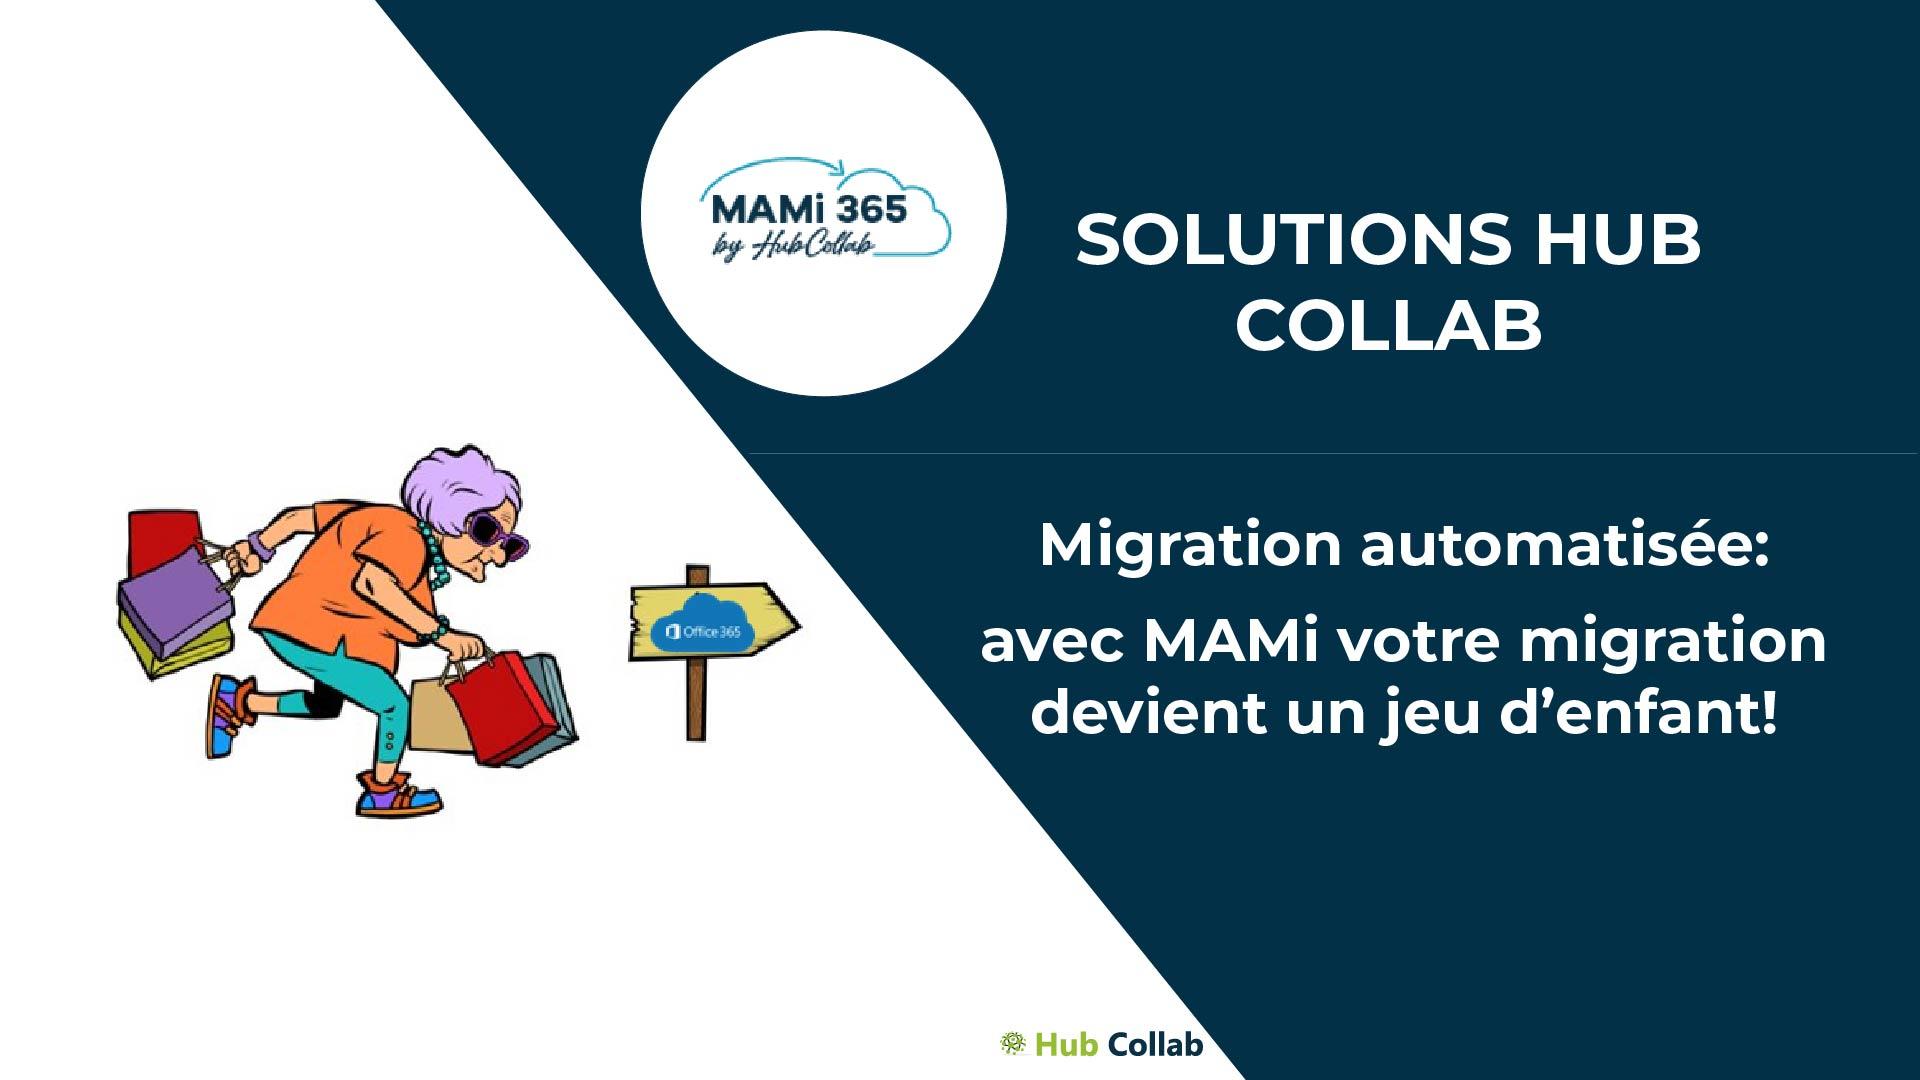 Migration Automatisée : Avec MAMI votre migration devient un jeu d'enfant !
-=-=-
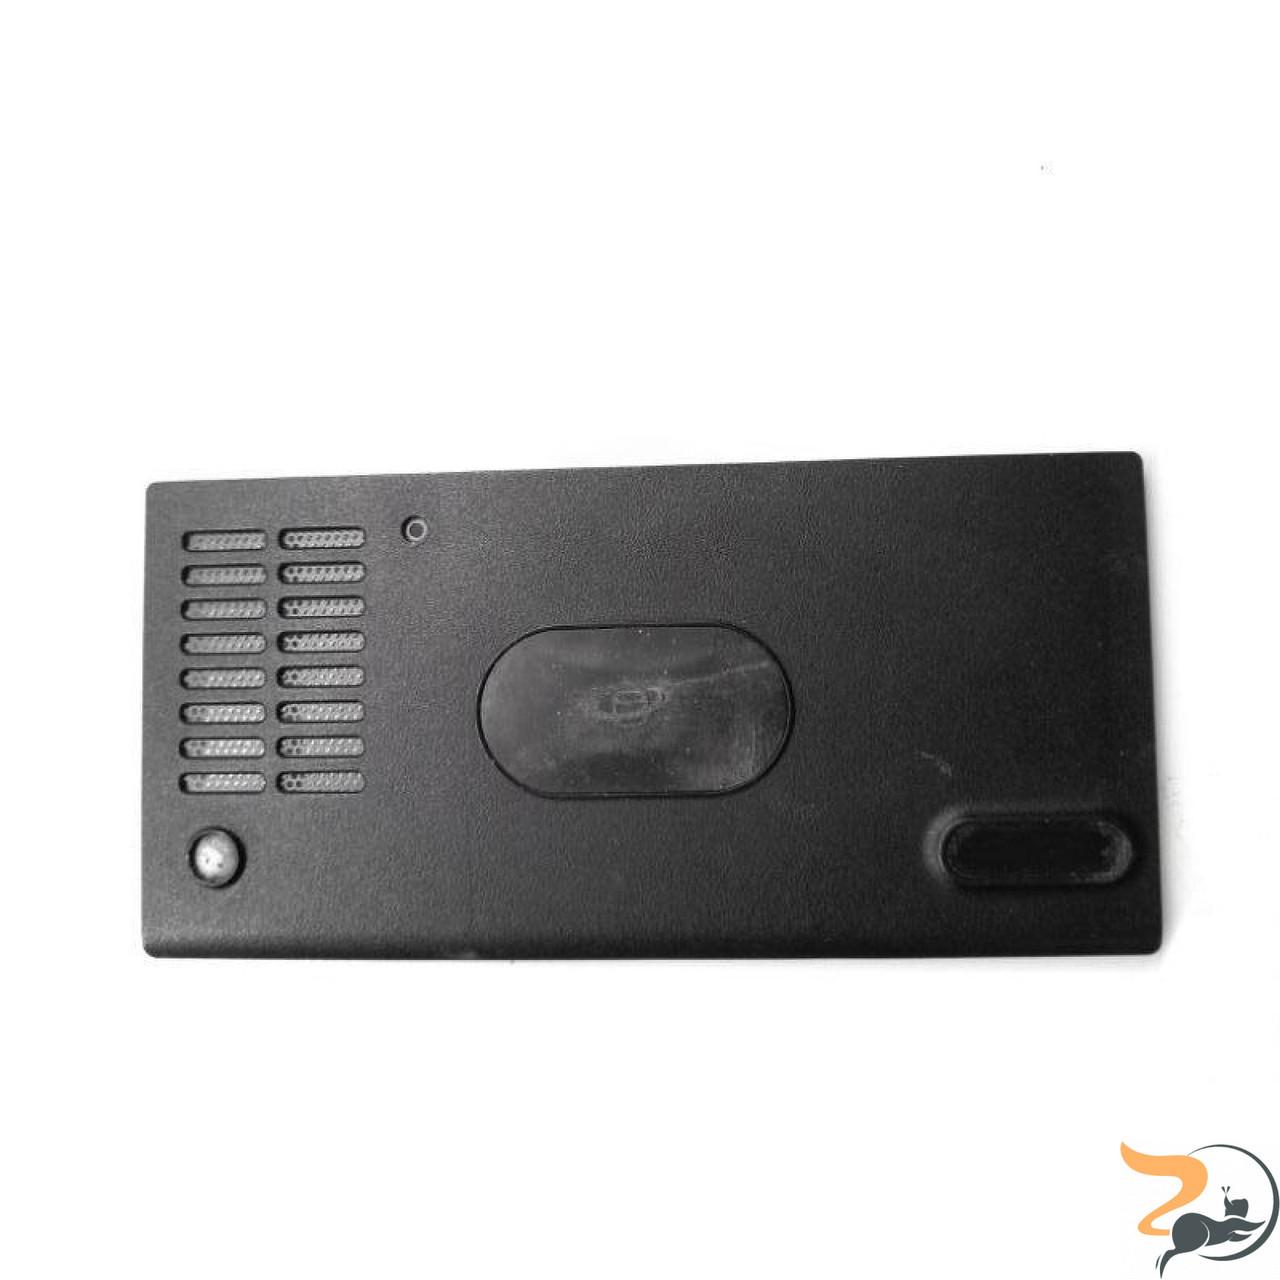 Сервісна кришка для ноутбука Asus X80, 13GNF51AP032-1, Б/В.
-=-=-
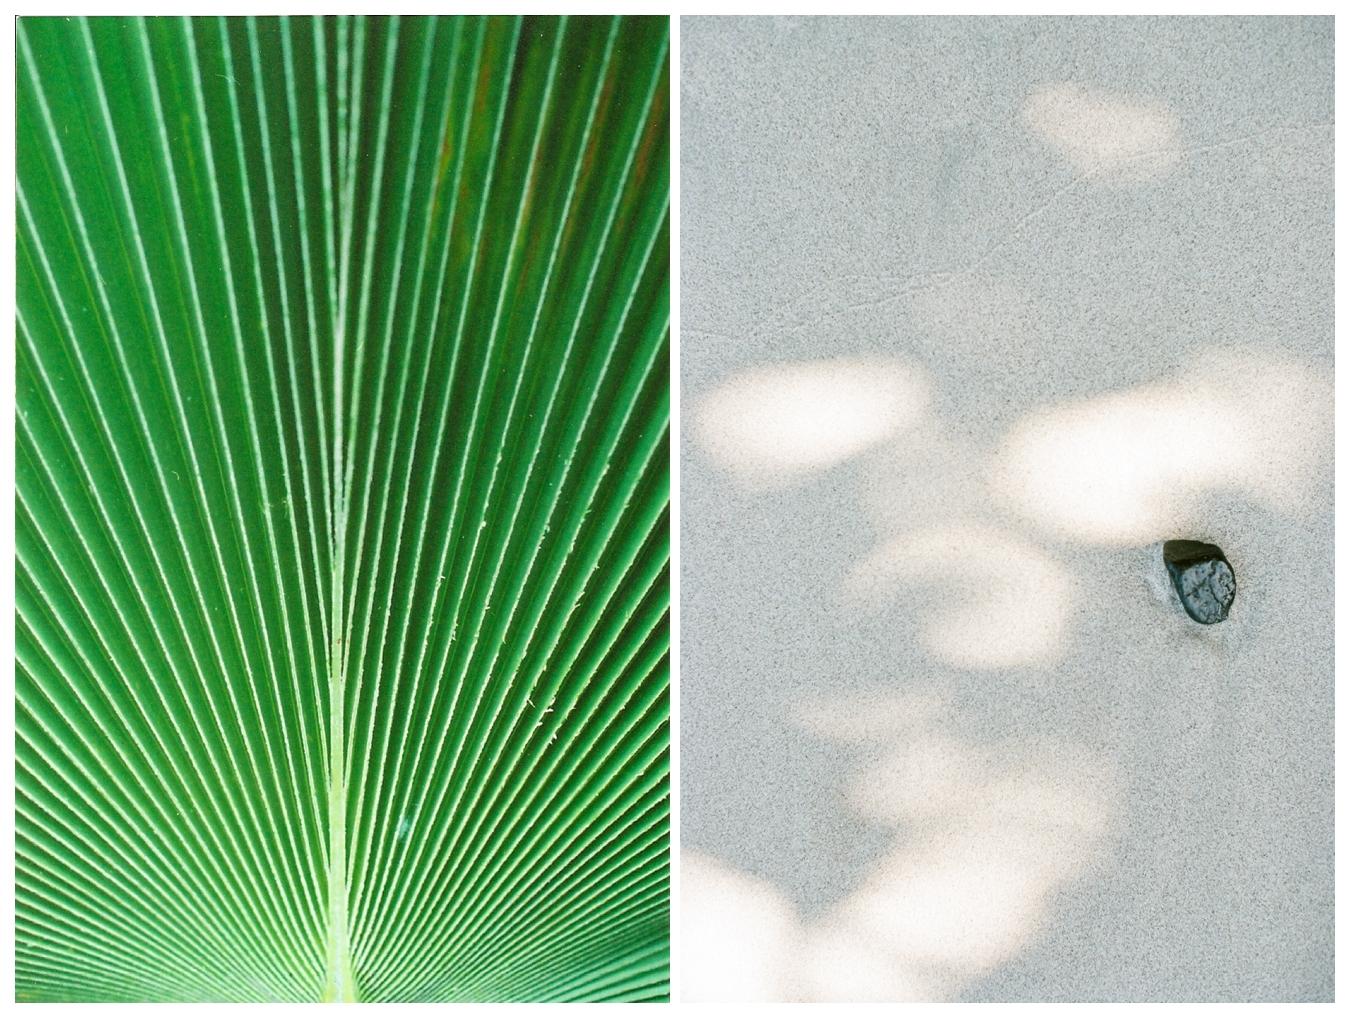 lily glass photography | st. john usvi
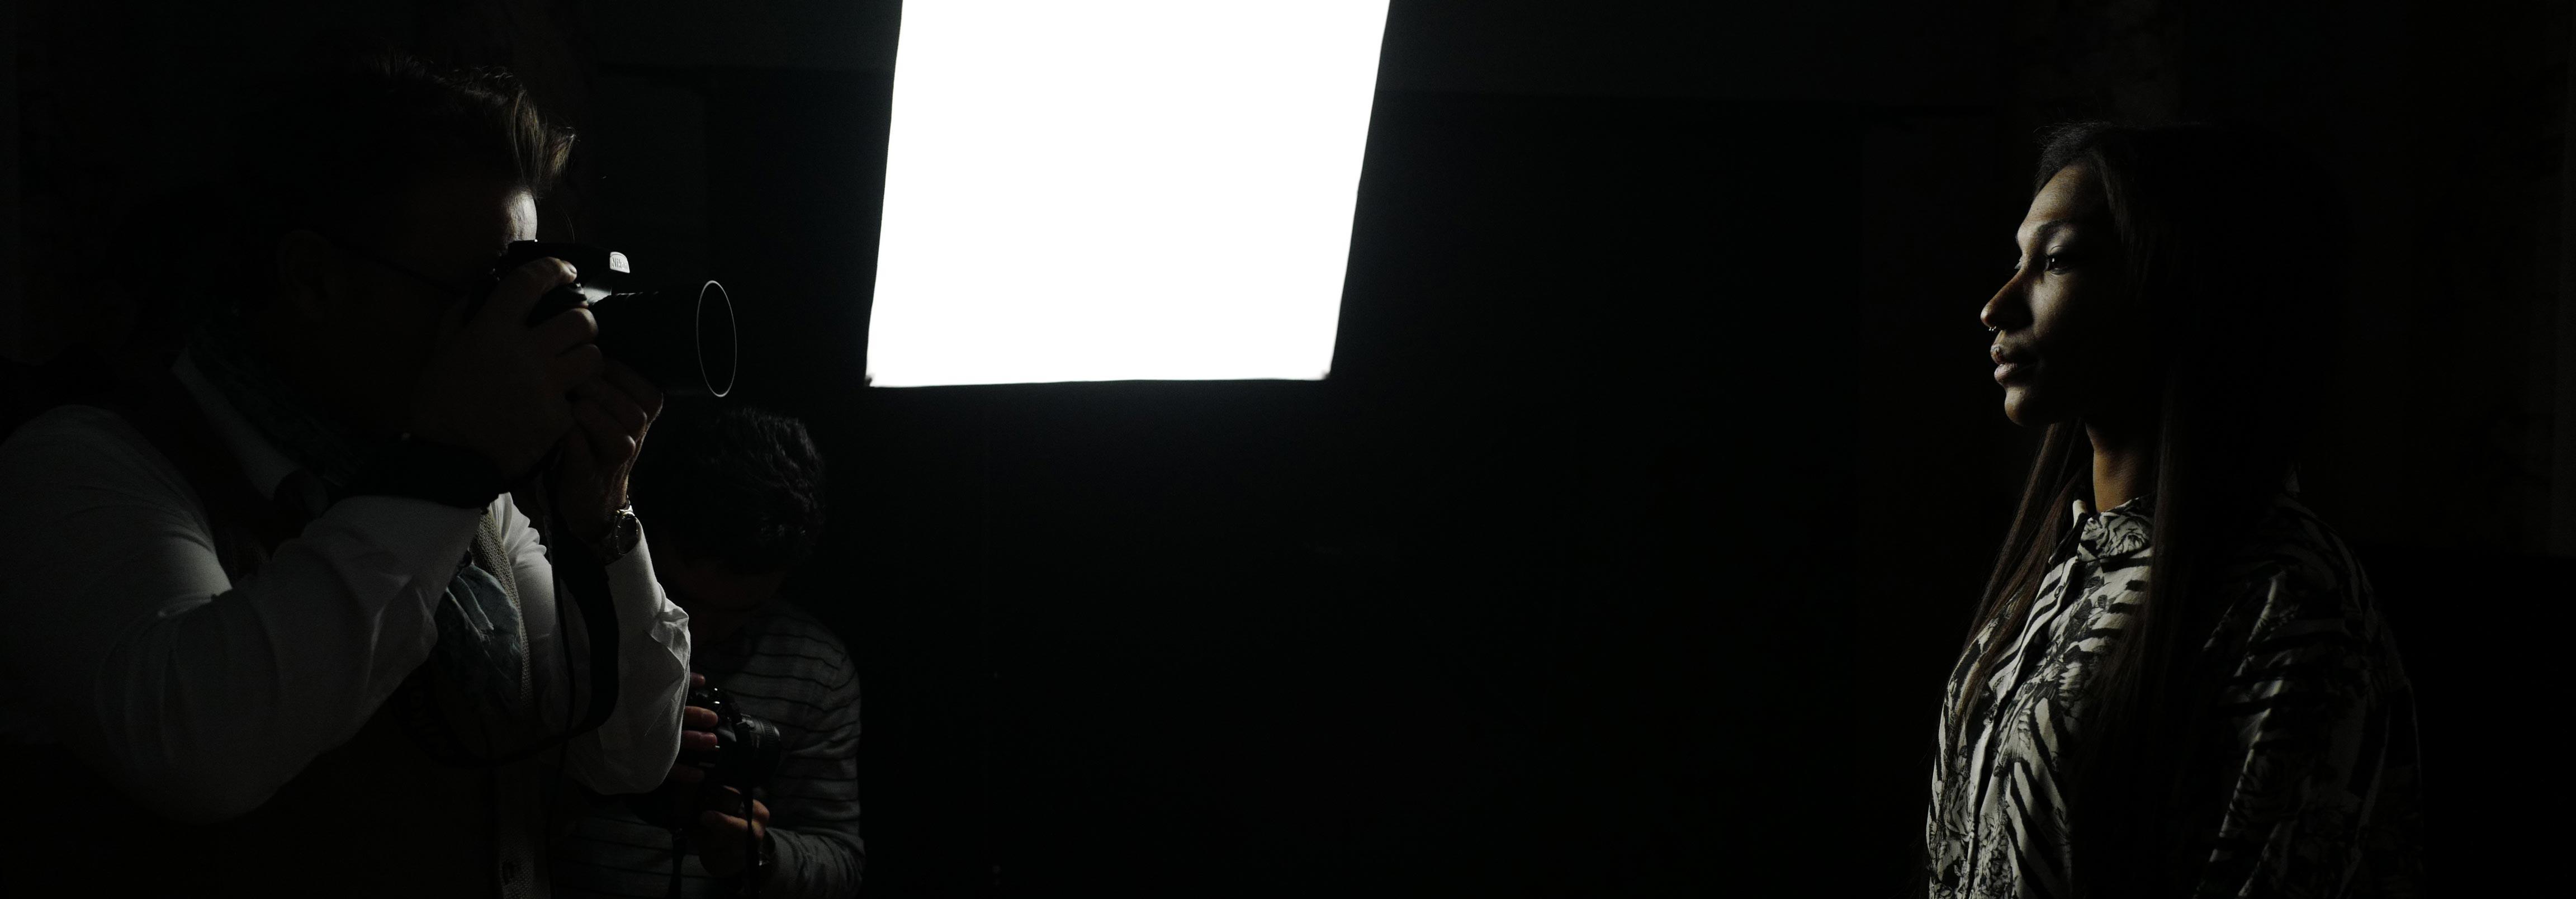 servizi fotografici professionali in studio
-=-=-
• What you will do: Reproduce, word for word, everything in the listing above from the line containing "lily glass photography | st. john usvi" down to the line containing "servizi fotografici professionali in studio", both of them included. No pictures.

• Expected output:
 lily glass photography | st. john usvi
 servizi fotografici professionali in studio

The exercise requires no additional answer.